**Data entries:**

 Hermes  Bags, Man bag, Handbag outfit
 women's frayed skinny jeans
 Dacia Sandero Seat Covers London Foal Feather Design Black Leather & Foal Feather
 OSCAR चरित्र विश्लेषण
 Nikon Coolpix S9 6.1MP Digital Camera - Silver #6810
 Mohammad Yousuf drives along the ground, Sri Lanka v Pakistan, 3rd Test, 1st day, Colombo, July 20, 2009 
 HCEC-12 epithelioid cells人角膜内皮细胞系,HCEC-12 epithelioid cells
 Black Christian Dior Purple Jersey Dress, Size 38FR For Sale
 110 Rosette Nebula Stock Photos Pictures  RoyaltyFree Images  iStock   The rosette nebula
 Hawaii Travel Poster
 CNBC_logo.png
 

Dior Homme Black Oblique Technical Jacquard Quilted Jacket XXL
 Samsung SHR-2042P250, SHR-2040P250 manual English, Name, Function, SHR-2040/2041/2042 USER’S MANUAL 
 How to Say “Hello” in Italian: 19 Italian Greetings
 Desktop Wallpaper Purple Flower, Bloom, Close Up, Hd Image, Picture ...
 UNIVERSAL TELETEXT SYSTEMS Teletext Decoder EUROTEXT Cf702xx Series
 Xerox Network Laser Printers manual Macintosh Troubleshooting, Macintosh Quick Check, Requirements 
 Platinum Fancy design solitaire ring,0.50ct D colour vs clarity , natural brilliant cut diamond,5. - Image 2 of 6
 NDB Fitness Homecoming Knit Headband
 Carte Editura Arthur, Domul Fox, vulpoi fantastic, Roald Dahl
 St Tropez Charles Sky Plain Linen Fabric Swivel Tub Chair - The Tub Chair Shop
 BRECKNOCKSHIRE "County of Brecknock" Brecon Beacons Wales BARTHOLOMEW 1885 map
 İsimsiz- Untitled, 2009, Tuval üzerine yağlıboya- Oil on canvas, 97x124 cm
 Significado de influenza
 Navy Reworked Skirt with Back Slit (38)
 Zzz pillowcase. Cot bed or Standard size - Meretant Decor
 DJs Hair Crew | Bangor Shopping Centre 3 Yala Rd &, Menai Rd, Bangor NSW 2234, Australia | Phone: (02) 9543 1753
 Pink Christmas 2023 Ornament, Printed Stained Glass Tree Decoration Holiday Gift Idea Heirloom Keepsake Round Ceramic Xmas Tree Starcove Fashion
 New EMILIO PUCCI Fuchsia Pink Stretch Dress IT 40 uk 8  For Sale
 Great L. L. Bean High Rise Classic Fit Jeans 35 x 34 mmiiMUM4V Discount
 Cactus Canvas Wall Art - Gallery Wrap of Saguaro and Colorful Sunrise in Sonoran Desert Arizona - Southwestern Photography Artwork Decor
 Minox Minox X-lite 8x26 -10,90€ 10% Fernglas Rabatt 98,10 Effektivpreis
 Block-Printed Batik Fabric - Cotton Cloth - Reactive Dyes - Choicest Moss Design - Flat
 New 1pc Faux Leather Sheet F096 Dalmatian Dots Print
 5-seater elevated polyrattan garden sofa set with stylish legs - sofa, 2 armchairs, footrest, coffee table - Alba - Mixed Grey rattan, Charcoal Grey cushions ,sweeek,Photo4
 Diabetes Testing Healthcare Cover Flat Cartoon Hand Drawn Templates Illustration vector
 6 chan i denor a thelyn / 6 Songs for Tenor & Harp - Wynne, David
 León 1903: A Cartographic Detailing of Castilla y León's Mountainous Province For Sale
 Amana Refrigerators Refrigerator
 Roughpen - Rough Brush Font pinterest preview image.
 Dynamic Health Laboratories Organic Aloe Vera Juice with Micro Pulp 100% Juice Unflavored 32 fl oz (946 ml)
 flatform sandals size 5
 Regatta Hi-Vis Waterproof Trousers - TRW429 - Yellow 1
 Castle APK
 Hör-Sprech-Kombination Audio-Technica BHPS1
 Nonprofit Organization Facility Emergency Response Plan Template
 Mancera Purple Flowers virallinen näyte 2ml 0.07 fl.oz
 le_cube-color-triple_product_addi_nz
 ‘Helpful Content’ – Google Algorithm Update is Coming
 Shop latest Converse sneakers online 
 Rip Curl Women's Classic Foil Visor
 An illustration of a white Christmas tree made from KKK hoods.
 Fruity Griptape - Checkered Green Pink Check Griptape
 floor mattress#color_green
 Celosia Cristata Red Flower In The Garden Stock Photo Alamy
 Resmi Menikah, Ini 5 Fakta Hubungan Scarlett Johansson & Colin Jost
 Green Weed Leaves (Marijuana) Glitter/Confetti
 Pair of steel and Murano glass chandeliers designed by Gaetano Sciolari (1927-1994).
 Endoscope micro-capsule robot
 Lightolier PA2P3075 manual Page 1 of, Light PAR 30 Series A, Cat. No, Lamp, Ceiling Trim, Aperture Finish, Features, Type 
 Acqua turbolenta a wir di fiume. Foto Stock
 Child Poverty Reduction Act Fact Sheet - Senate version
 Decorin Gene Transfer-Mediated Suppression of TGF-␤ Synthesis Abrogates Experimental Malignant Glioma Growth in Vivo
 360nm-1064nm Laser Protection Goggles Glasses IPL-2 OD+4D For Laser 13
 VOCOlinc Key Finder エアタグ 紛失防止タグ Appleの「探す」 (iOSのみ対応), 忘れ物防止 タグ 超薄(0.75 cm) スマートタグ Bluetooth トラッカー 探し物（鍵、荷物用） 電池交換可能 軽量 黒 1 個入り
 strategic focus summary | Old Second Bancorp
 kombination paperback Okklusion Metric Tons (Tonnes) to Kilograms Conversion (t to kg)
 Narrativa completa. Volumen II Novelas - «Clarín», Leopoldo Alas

**Work required:** Copy, exactly and with nothing added, the lines from the one containing "kombination paperback Okklusion" through the end of the records.

**Result of this exercise:**
 kombination paperback Okklusion Metric Tons (Tonnes) to Kilograms Conversion (t to kg)
 Narrativa completa. Volumen II Novelas - «Clarín», Leopoldo Alas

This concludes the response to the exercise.